The pressure and volume changes in the gas in the bottle are responsible for almost all the effect.
** What happened to the position of the meniscus in the horizontal tube when you held your warm hands near the container? **
This time, placing my hands near the bottle caused the height of the water column to increase above the end of the tube by about 30 cm (based on the difference in the column heights before warming and after cooling). I believe the water was moved about 95 cm. (65 cm to end of tube and 30 cm before and after difference).
** Pressure change due to movement of water in horizonal tube, volume change due to 10 cm change in water position, percent change in air volume, change in temperature, difference if air started at 600 K: **
30
3
-9
-18
.003m * .01m = 30 cm^3
Assuming 1 liter (1000 cm^3) of air, 30 cm^3 is 3%
Assuming constant pressure, this corresponds to a 3% reduction in temperature 300 K (.03) = 9K
Doubling the temperature doubles the amount that corresponds to 3%
** Why weren't we concerned with changes in gas volume with the vertical tube? **
I thought a while about this one, and I'm really not sure. The difference between raising the water in a vertical tube and moving it along a horizontal tube have to do with the conservation of energy. If the water remains in the tube above the initial height, there is energy due to position stored in the water. I can't quite see the connection between that energy and the thermal energy in the bottle.

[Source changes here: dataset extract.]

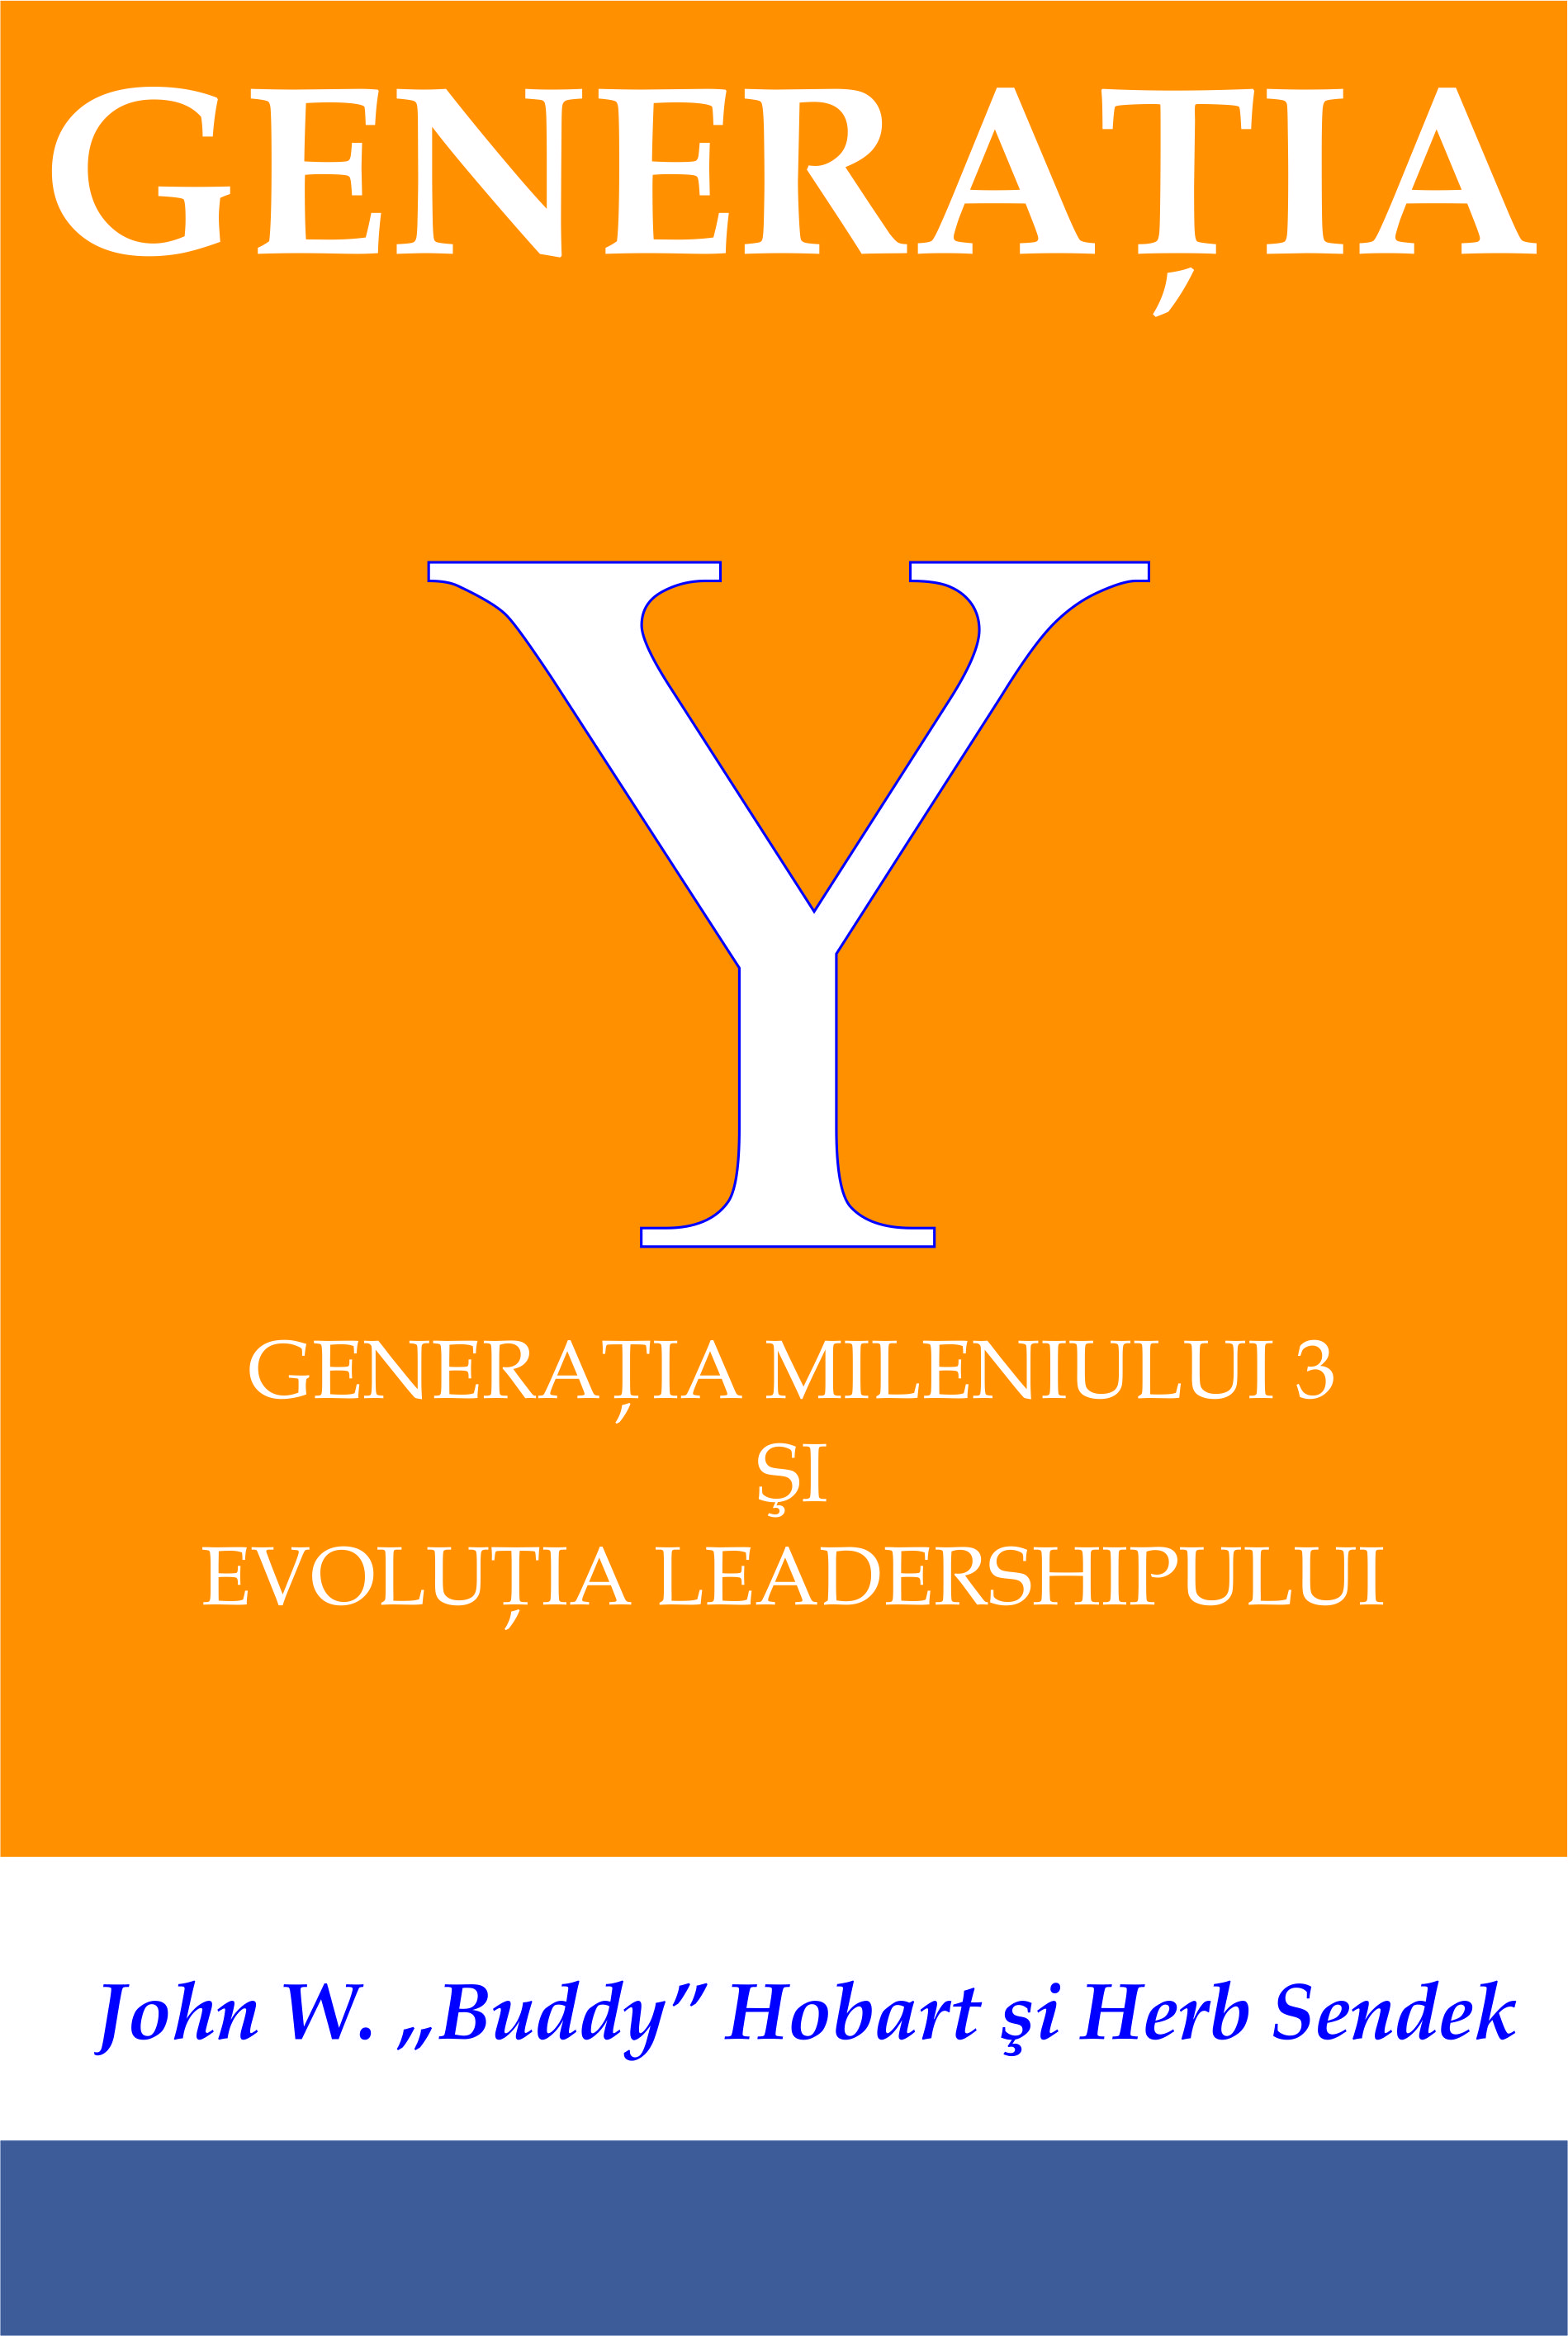 Generatia Y | John W. Buddy Hobart, Herb Sendek BMI Publishing 2022
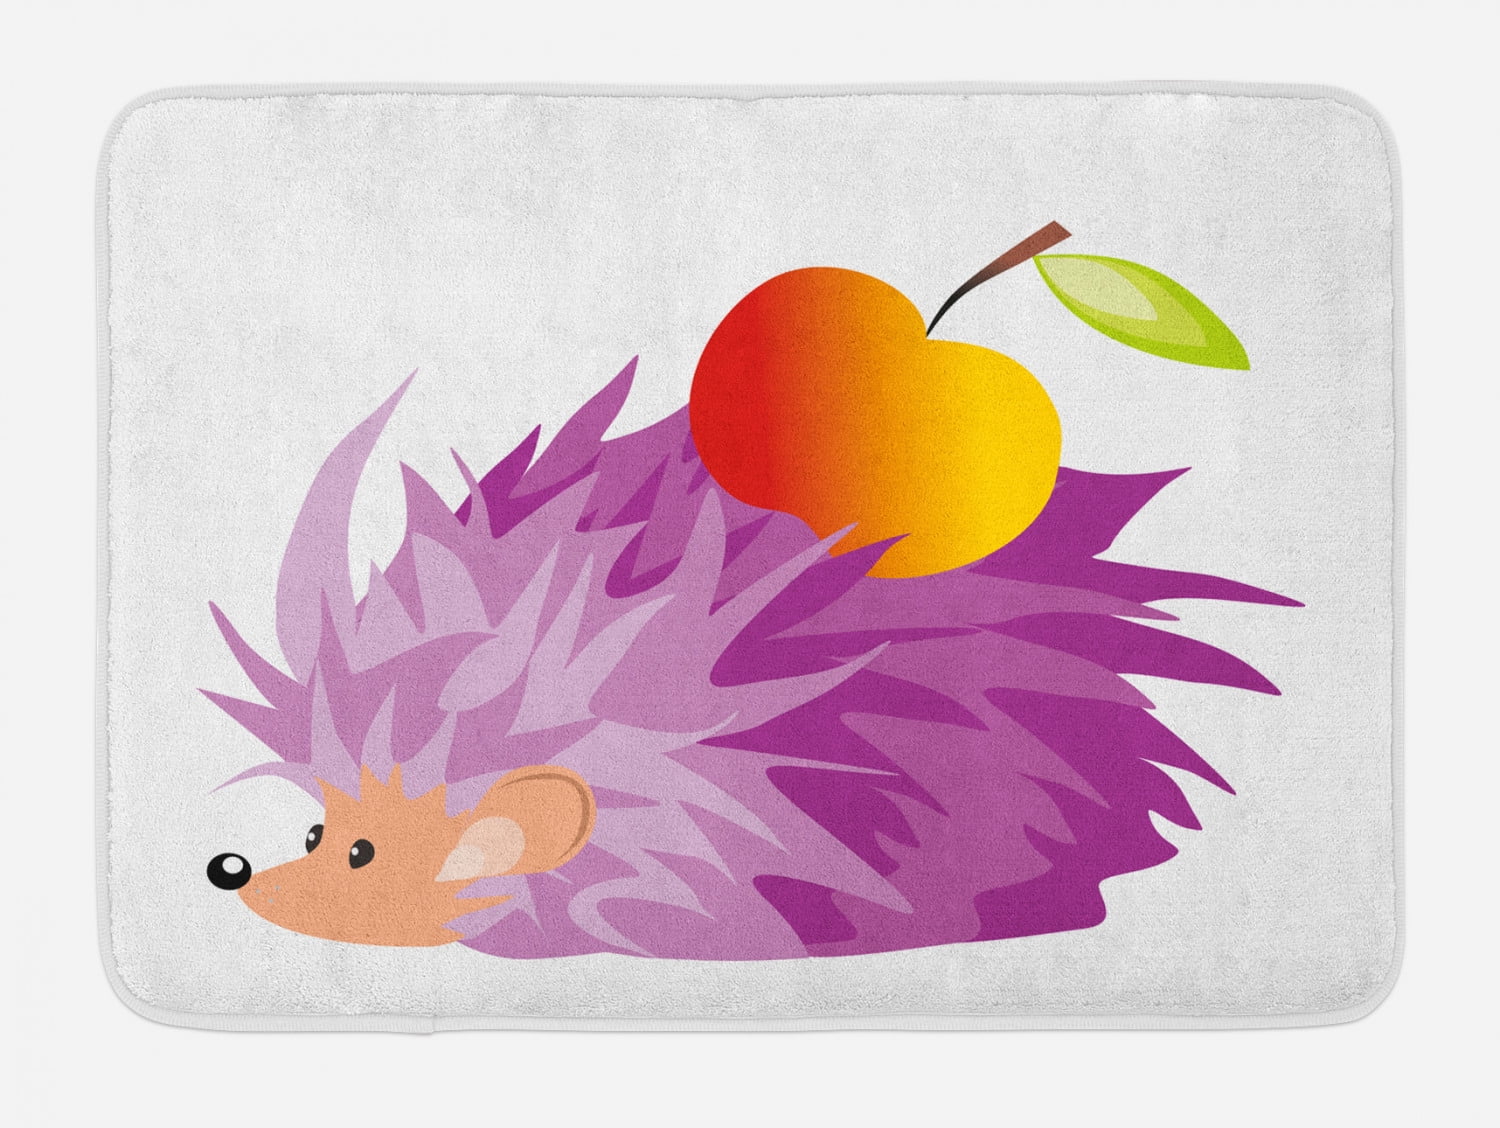 【81%OFF!】 Cute Hedgehog Animal Bath Rugs Absorbent Non Slip Door Mats Soft

The PE change of the water in the tube is at the expense of thermal energy in the gas occupying the bottle. However the PE change of that thin column of water is small compared to the thermal energy changes in the gas.
** Pressure change to raise water 6 cm, necessary temperature change in vicinity of 300 K, temperature change required to increase 3 L volume by .7 cm^3: **
5886
+17
+.07
I used the relationship p = p_0 + `rho * g * h to calculate the pressure change required for the change in height. Considering constant volume, the ratio of pressure to temperature is constant. I used that property to calculate the temperature required to increase the air pressure from 103000 to 108886. I considered pressure constant for the last calculation, but I'm not certain I should have. With the constant ratio of volume to temperature, changing volume from 3000 cm^3 to 3000.7 cm^3 beginning at 300 K requires a temperature increase of .07 K.
6 cm is .06 m and is associated with pressure different around 600 Pa, not 6000 Pa.
There is a considerable difference in the magnitudes of the quantities involved. Changing pressure by a factor of 10^3 requires a temperature change of a factor of 10^-2
** The effect of a 1 degree temperature increase on the water column in a vertical tube, in a horizontal tube, and the slope required to halve the preceding result: **
** Optional additional comments and/or questions: **
6 hours
** **
I am having a very hard time synthesizing the smaller ideas into a real understanding of this subject. I don't know if it's one small connection I'm missing or simply that I need to spend more time on it (not that I have any left).
You're doing pretty well, though order-of-magnitude errors sometimes get in the way.
The key ideas:
When heated the gas in the bottle can expand and/or change pressure.
If the tubing is vertical then any expansion results in an increase in pressure, so the vertical tube minimizes expansion and maximizes pressure change.
If the tubing is horizontal then the pressure remains constant and the gas is free to expand, which maximizes the expansion.
The system is very sensitive to changes in temperature, especially if the tube is at or near horizontal.
The energy required to increase the PE of the water in the tube is small compared to the thermal energy changes in the gas.